Posted to user@pig.apache.org by ANKUR GOEL <an...@corp.aol.com> on 2009/01/15 15:34:48 UTC
Data types for Map key value pairs
Hi All,
I have a custom loader that returns a set of fields after
reading a log line. One of the fields returned is of type DataType.Map.
My question is how can I set the data types for this map's (key, value)
pair. In my script I try to generate a record from k,v of this map and
get the error
java.io.IOException: Unknown type Unknown
at org.apache.pig.backend.hadoop.executionengine.mapReduceLayer.PigMapBase.map(PigMapBase.java:178)
at org.apache.pig.backend.hadoop.executionengine.mapReduceLayer.PigMapOnly$Map.map(PigMapOnly.java:65)
at org.apache.hadoop.mapred.MapRunner.run(MapRunner.java:47)
at org.apache.hadoop.mapred.MapTask.run(MapTask.java:227)
at org.apache.hadoop.mapred.TaskTracker$Child.main(TaskTracker.java:2207)
here is my script
raw = LOAD 'myfile' USING myUdf.MyCustomLoader() ;
filtered = FILTER raw BY (ARG_MAP#'key' is not null);
entry = FOREACH filtered GENERATE A, B, myUdf.MySplit(ARG_MAP#'key',
'|') as FIELDS; // This returns a map with String (key, value) pairs
// The MySplit UDF line splits the value in the map which is "|"
separated and puts the splits it into another Map and returns it. Each
split is keyed by 'field0', 'field1'...'fieldn' where n is the number of
splits.
result = FOREACH entry GENERATE A, B, FIELDS#'field0' as CLIENT_ID,
FIELDS#'field1' as CHANNEL_ID, FIELDS#'field2' as OTHER_ID;
// Here another tuple is generated
store results into 'location' using PigStorage();
Any help here is appreciated.
TIA
-Ankur
RE: Data types for Map key value pairs
Posted by Santhosh Srinivasan <sm...@yahoo-inc.com>.
You can specify map types as colname: map[] in your load statement.
E.g.: a = load 'mydata' as (x: int, m: map[]);
Note that Pig does not enforce types for the keys and values in the map.
The only constraint is that keys should be basic types (int, long,
float, double, string).
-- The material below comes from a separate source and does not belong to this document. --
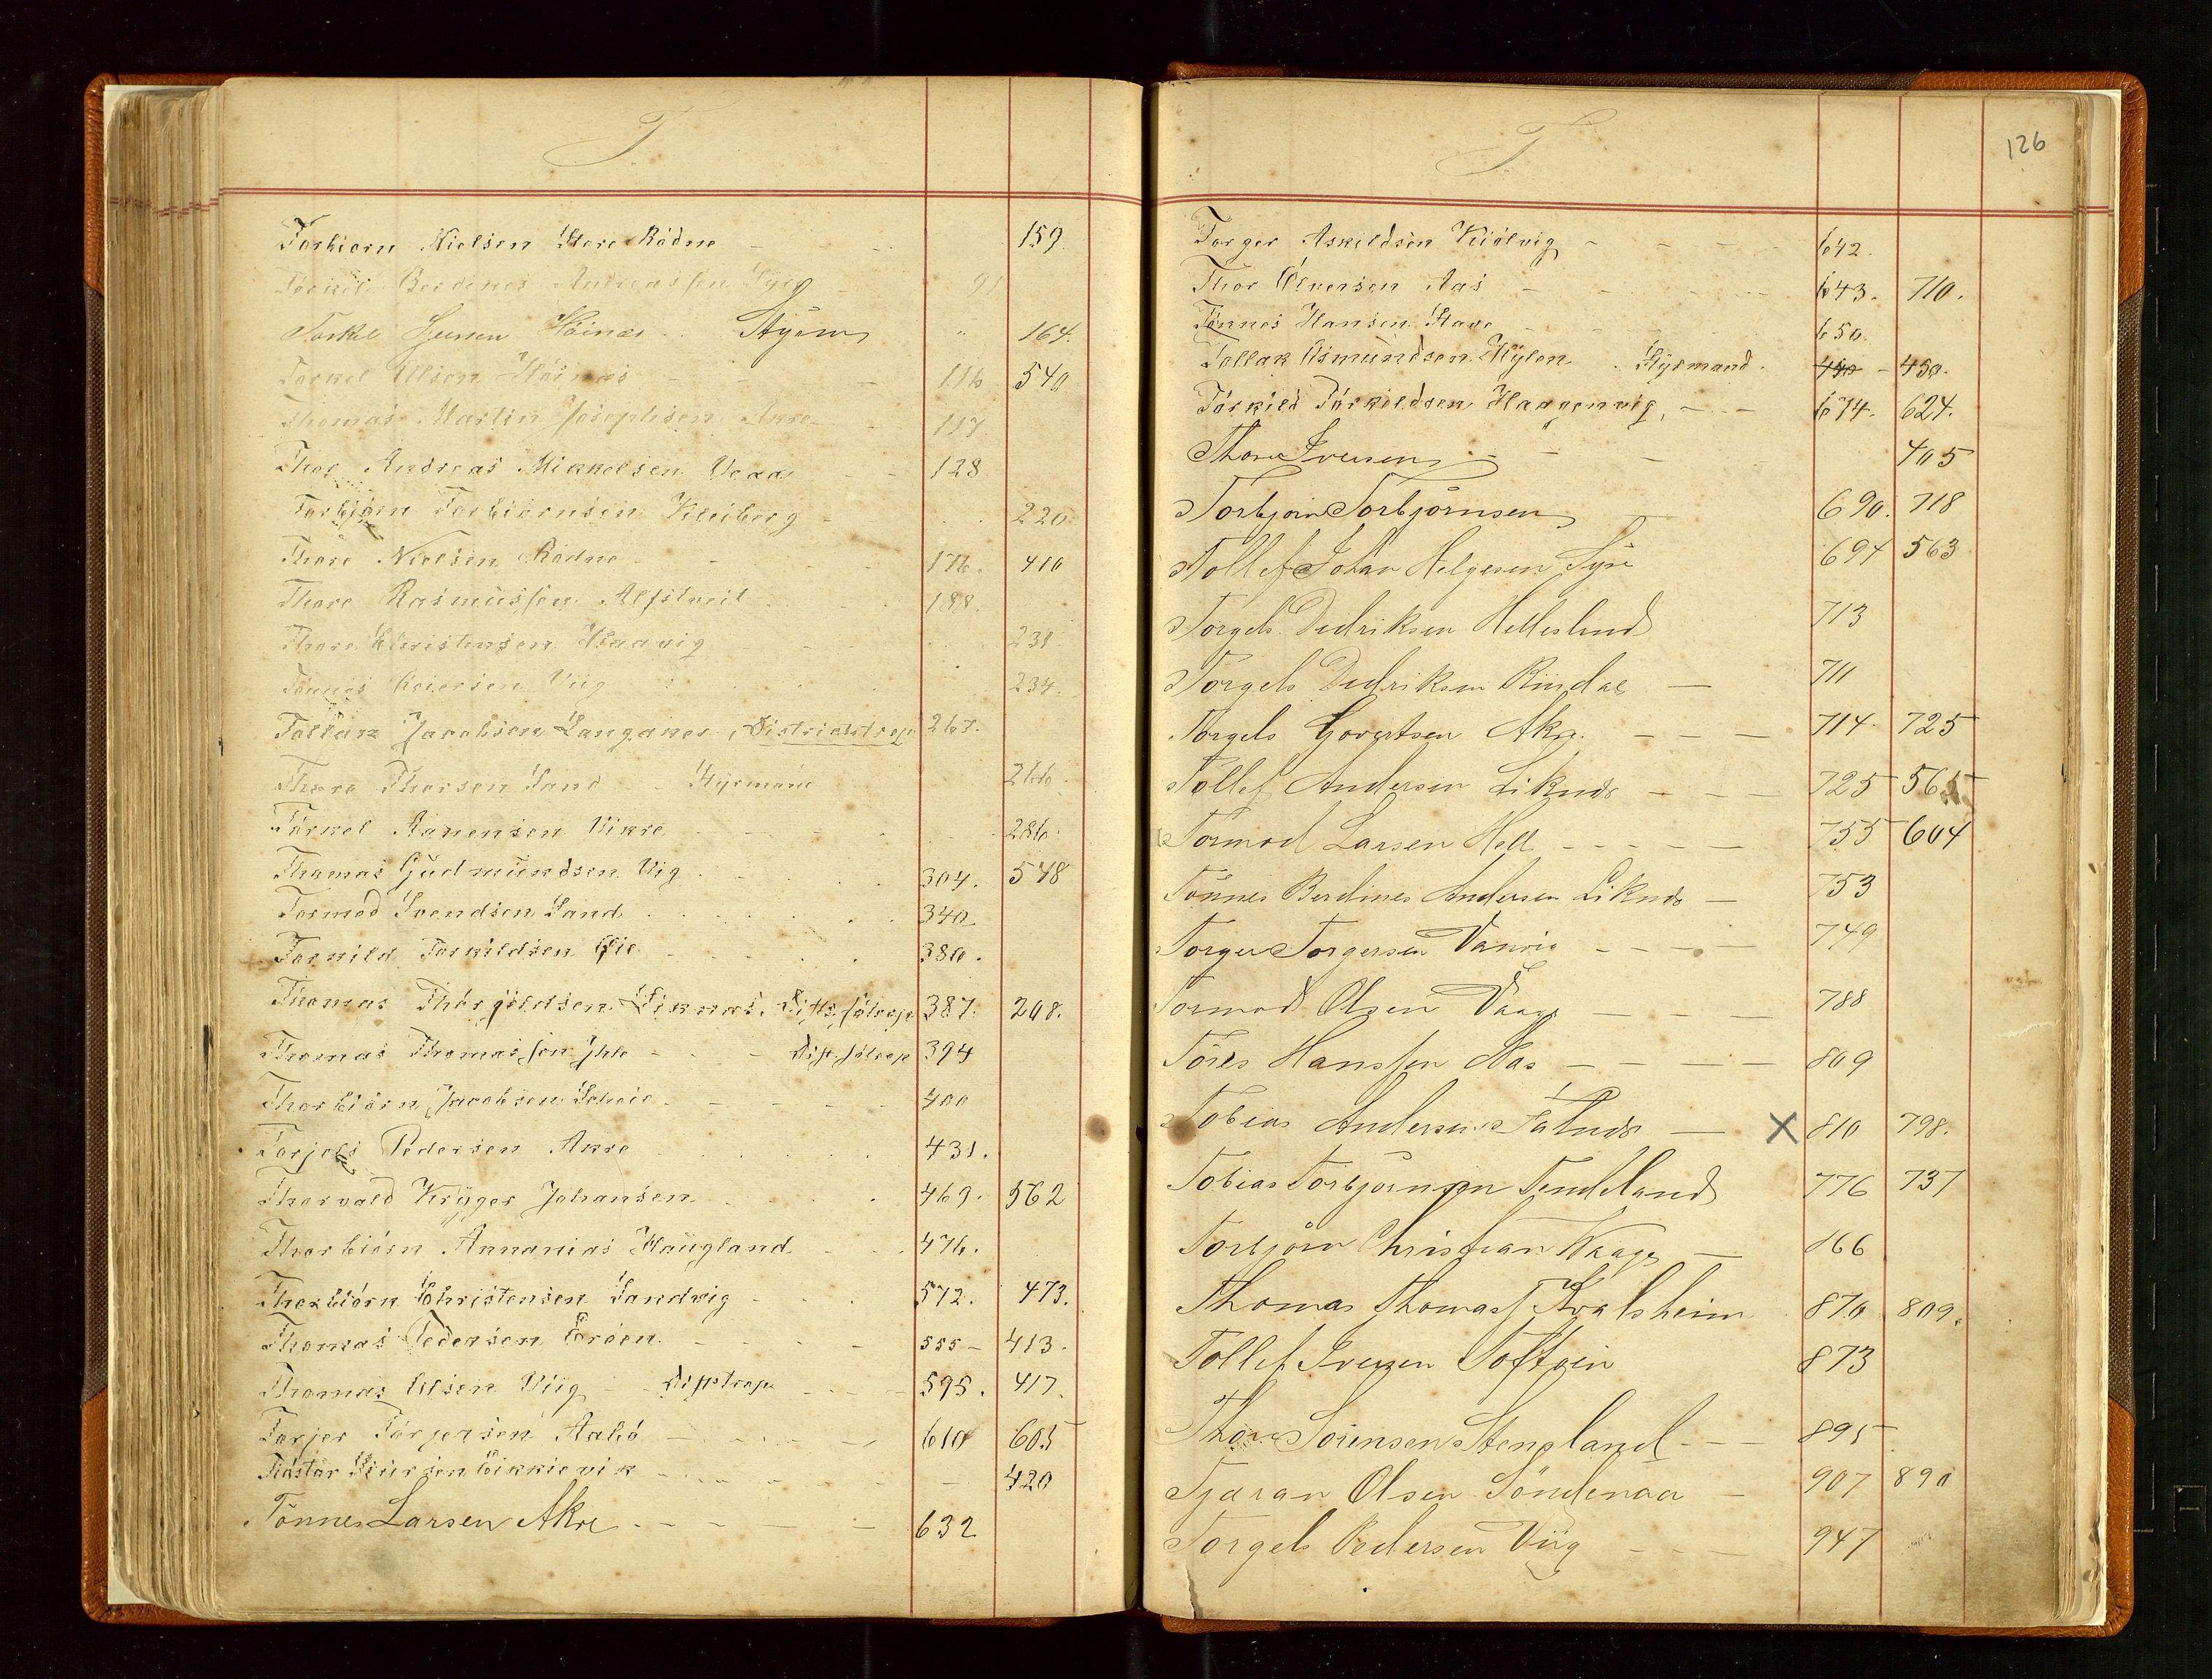 SAST, Haugesund sjømannskontor, F/Fb/Fba/L0003: Navneregister med henvisning til rullenummer (fornavn) Haugesund krets, 1860-1948, p. 126

Internally, the value types are treated as
bytearray allowing the use of any Pig type as the value type. This
allows you to have any type (int, long, float, double, string, tuple,
bag, map) as the value type.
I hope that answers your question regarding types inside a map in Pig.
Let me know if you have further questions/clarifications.
Thanks,
Santhosh
-----Original Message-----
From: ANKUR GOEL [mailto:ankur.goel@corp.aol.com]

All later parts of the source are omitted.